I recently found myself having to read a copy of the Strata Management Agency Agreement published by Strata Community Australia (NSW), an exercise which served to convince me that both the form and content of this document leave an awful lot to be desired.
But for present purposes, I concentrate on the egregious provisions to be found in Clause 6, and then add a few more questions.
6.1 is probably harmless, if somewhat awkwardly expressed. But …
6.2 seeks to exclude the Agent from all liability except for “wilful breach of this agreement, gross negligence, dishonesty, or fraud”. I am not sure why we need (or even what is meant by) the word “gross” in this context. Surely negligence should be sufficient, without quibbling over whether it might be “gross”, a word does not appear in Clause 10 of the Regulation.
And why should the Agent not be liable for all the causes of action which it is required to be insured for?
Then follows a stipulation that the Owners Corporation indemnify the Agent against claims “which may arise in the course of … the Agent’s management of the scheme”, etc., being claims made:
“(a) by third parties against the Agent;
(b) by the Owners Corporation … before, during, or after this agreement”.
I struggled to work this out.
Why, or in what circumstances, should the Owners Corporation give such a sweeping indemnity?
Fair enough to indemnify an Agent who is taking some action on behalf of the Owners Corporation which is clearly authorised.
But on the face of it, this convoluted provision would have the Owners Corporation indemnifying the Agent against claims which the OC itself might bring against the Agent.
6.3 seeks to limit the Agent’s liability to “the amount of the agreed services fees for the year in which the liability arose”. In many cases, that might be as little as $5,000.
Why such restriction, when the Regulation (in Clause 10(4)) requires an Agent to have cover of $1,000,000 for any one claim (inclusive of costs) or $3,000,000 in aggregate in any period of insurance ?

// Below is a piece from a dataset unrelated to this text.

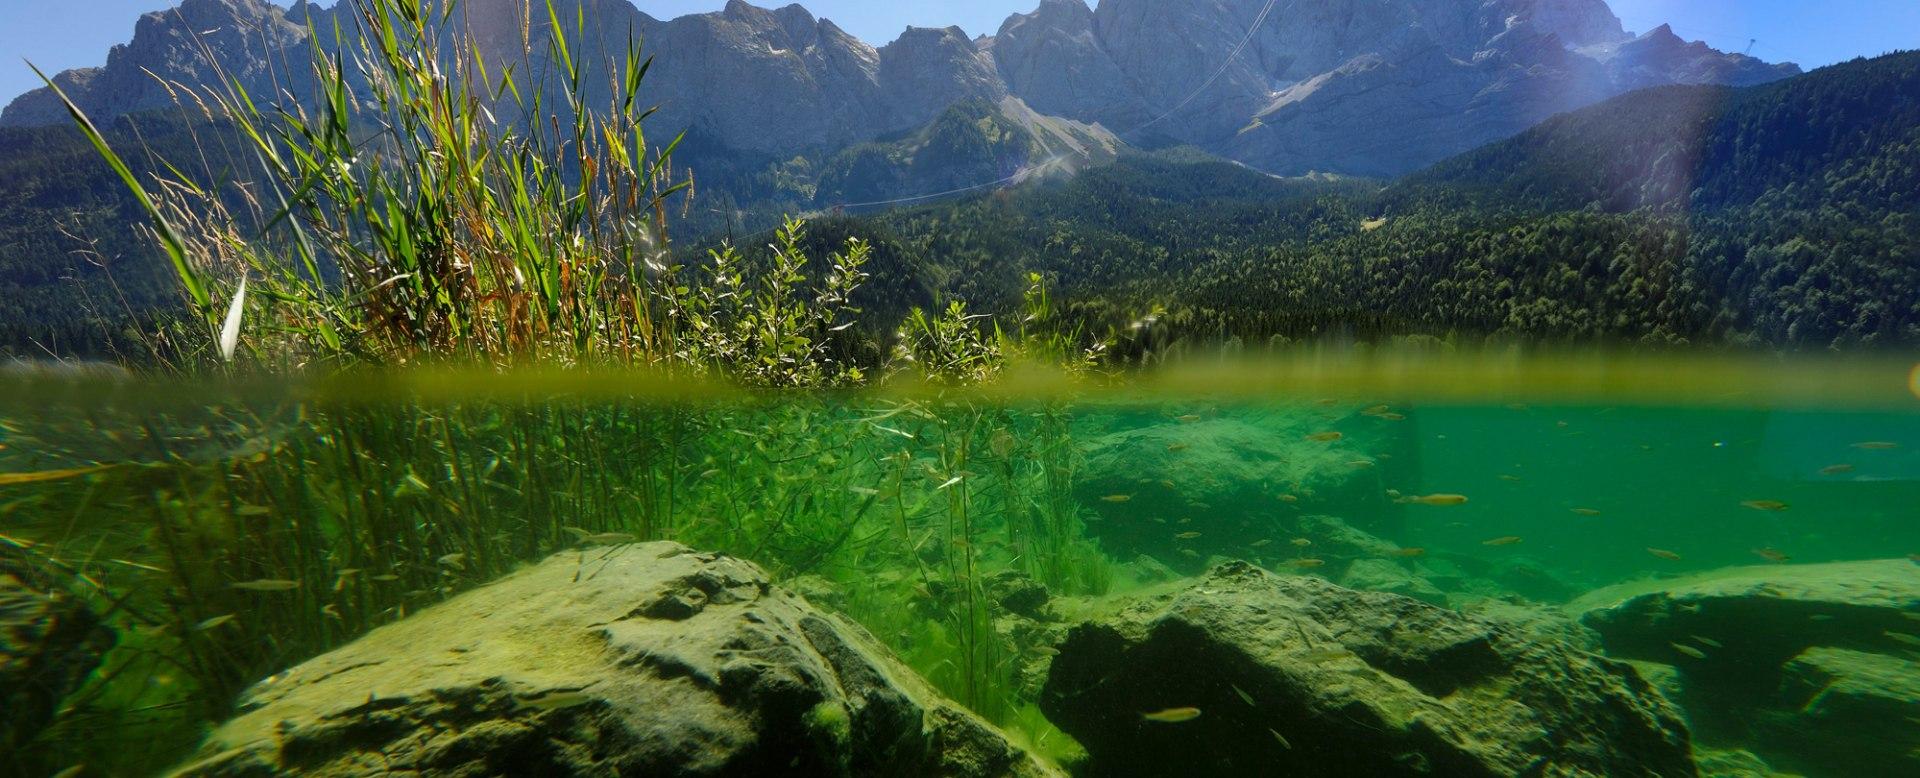 grüner Eibsee, mit Fischen unter Wasser, © Touristinformation Grainau - Foto Ehn

6.4 imposes a limitation period of just two years from any act or omission, after which the agent is deemed to be discharged from any liability.

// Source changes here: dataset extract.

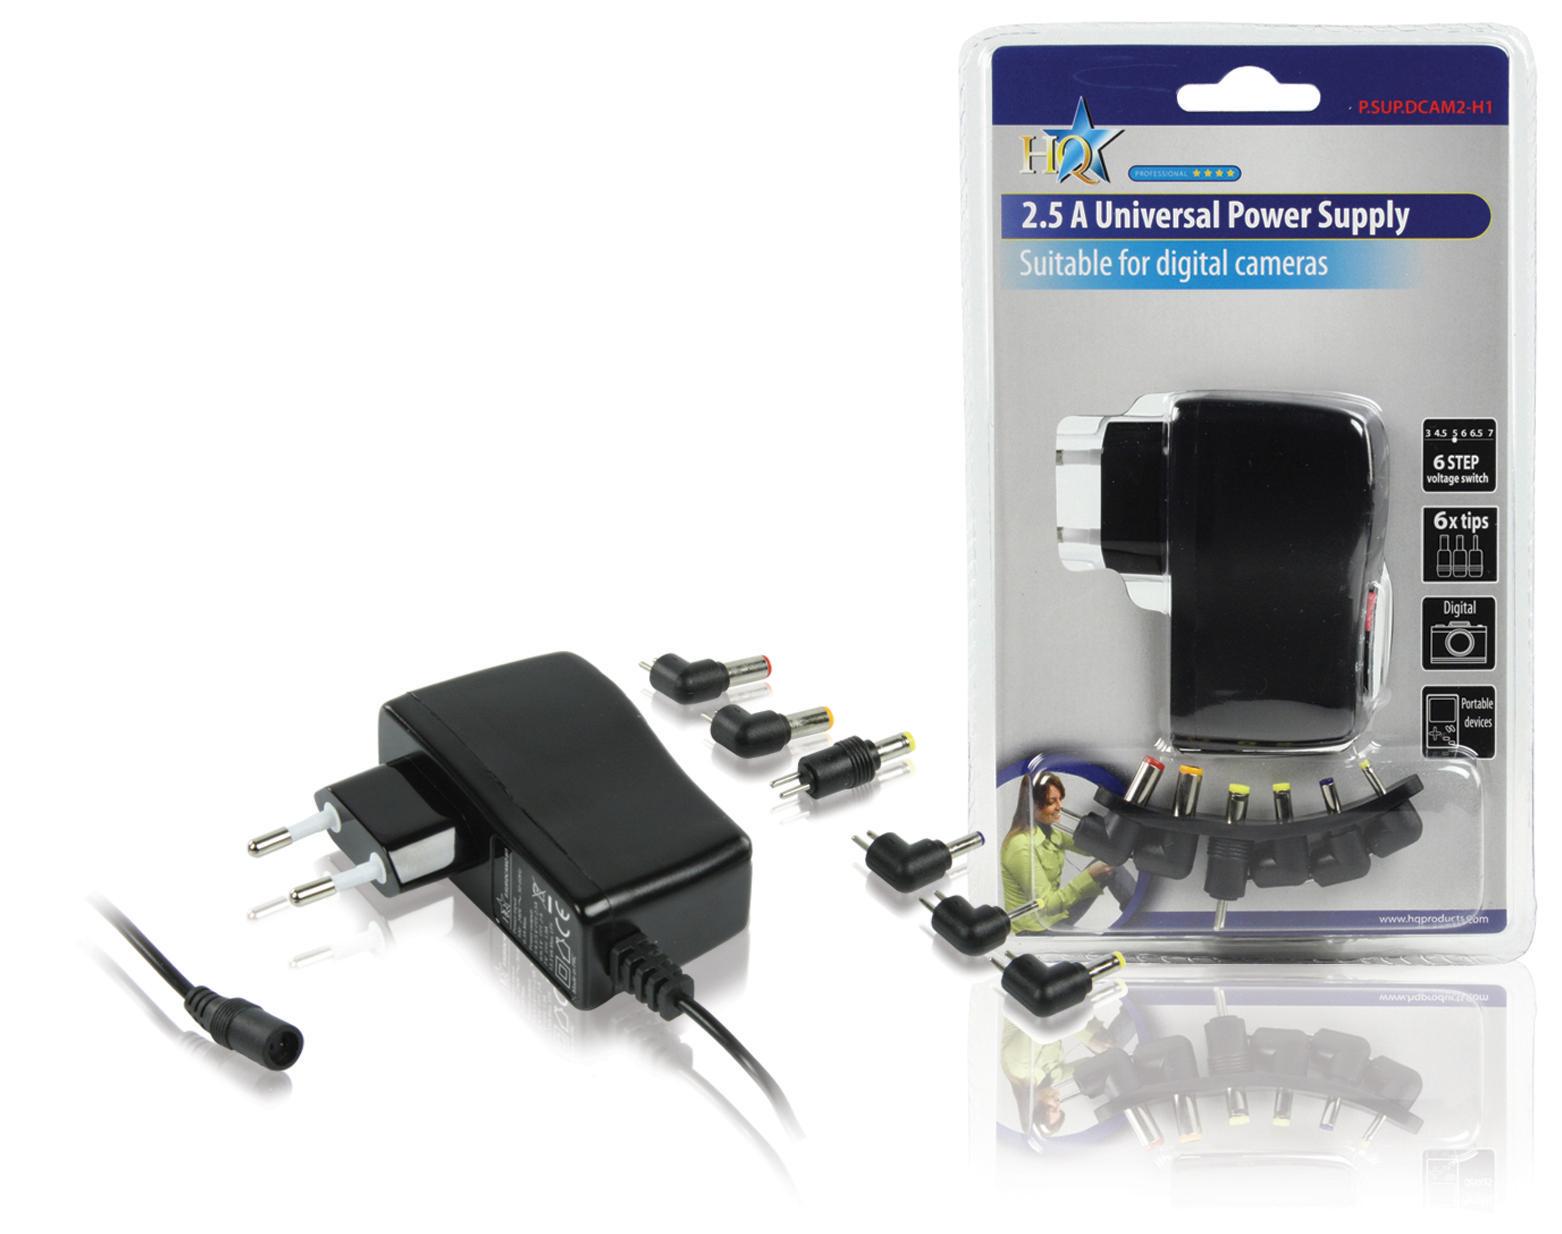 Billede af Universal Ac Power Adapter 3 / 4.5 / 5 / 6 / 6.5 / 7 VDC 1.9 A - 2.5 A Sort

The normal limitation period for a breach of contract, or for negligence, is six years.
6.5 is harmless but unnecessary. It is saying no more than that the law applies to this contract.
6.6 is another unacceptable attempt at requiring the Owners Corporation to indemnify the Agent, in this case “against any matter for which the Agent has no liability to the Owners Corporation”, but in circumstances which are not spelt out, and remain obscure.

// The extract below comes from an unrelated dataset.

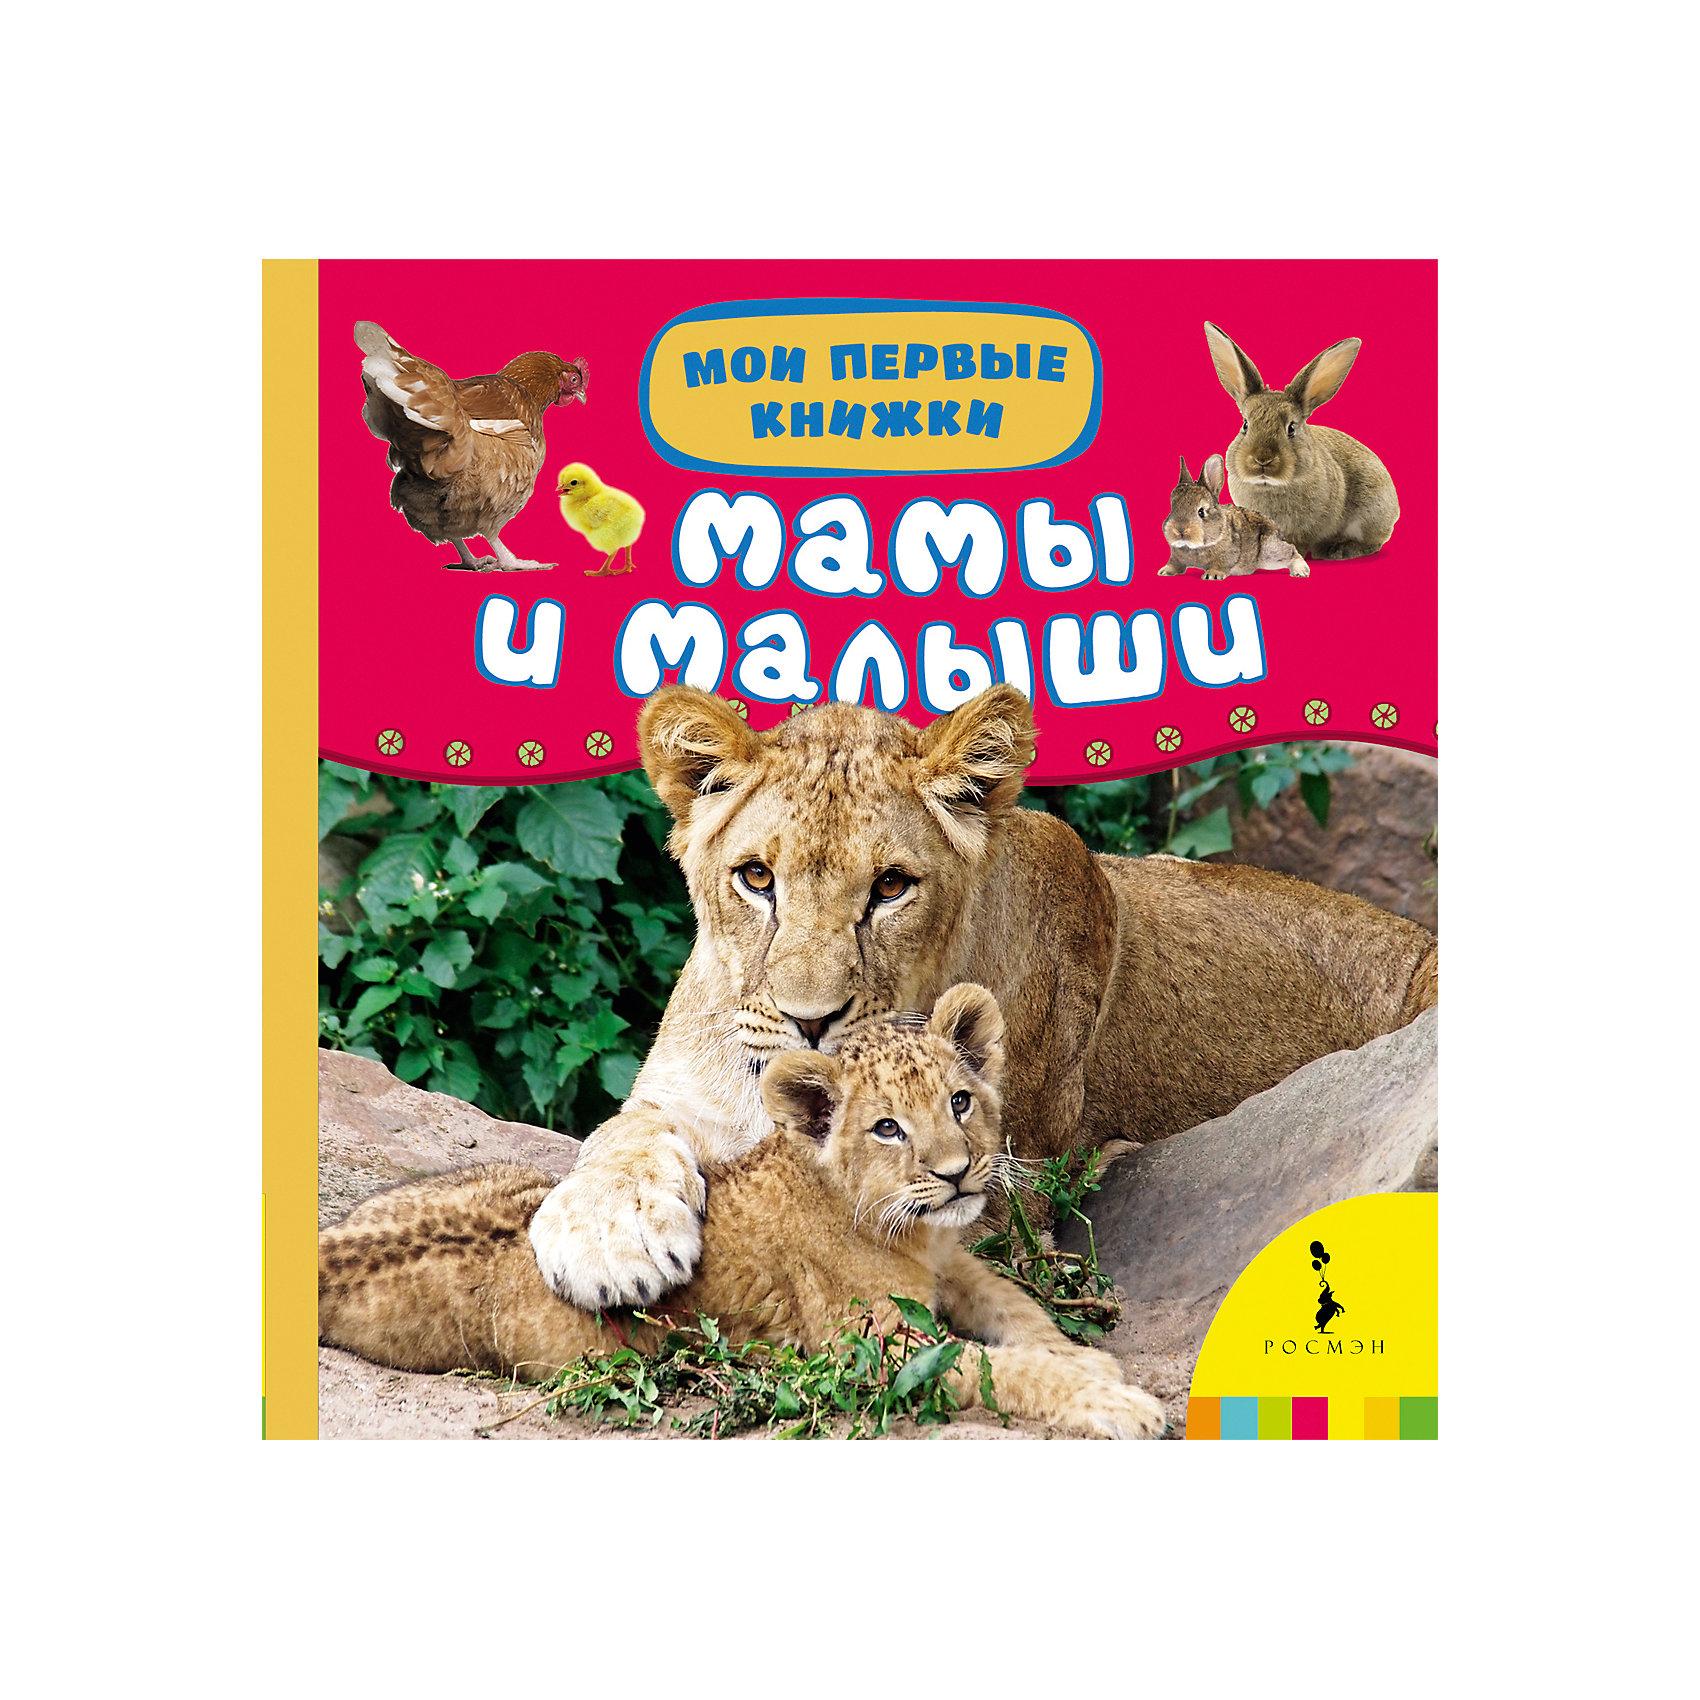 Мамы и малыши (Мои первые книжкиХарактеристики товара:<br><br>- цвет: разноцветный;<br>- материал: бумага;<br>- страниц: 14;<br>- формат: 17 х 17 см;<br>- обложка: картон;<br>- для чтения детям. <br><br>Издания серии Мои первые книжки - отличный способ занять ребенка! Эта красочная книга станет отличным подарком для родителей и малыша. Она содержит в себе полезную информацию и яркие картинки, которые так любят дети. Отличный способ привить малышу любовь к чтению и начать обучение!<br>Чтение и рассматривание картинок даже в юном возрасте помогает ребенку развивать память, концентрацию внимания и воображение. Издание произведено из качественных материалов, которые безопасны даже для самых маленьких.<br><br>Издание Мамы и малыши (Мои первые книжки) от компании Росмэн можно купить в нашем интернет-магазине.<br><br>Ширина мм: 165<br>Глубина мм: 165<br>Высота мм: 20<br>Вес г: 310<br>Возраст от месяцев: 0<br>Возраст до месяцев: 36<br>Пол: Унисекс<br>Возраст: Детский<br>SKU: 5110087

And the words “including in respect of the matters referred to in clause 6.2 and 6.3” are hopelessly vague, simply adding another layer of confusion.
Can anyone correct my assertions? Or offer any re-assurance? If not, what can we do about this?
Are there agents who are prepared to accept amendment of these provisions?
Or can we perhaps prevail on Strata Community Australia to re-draft their agreement?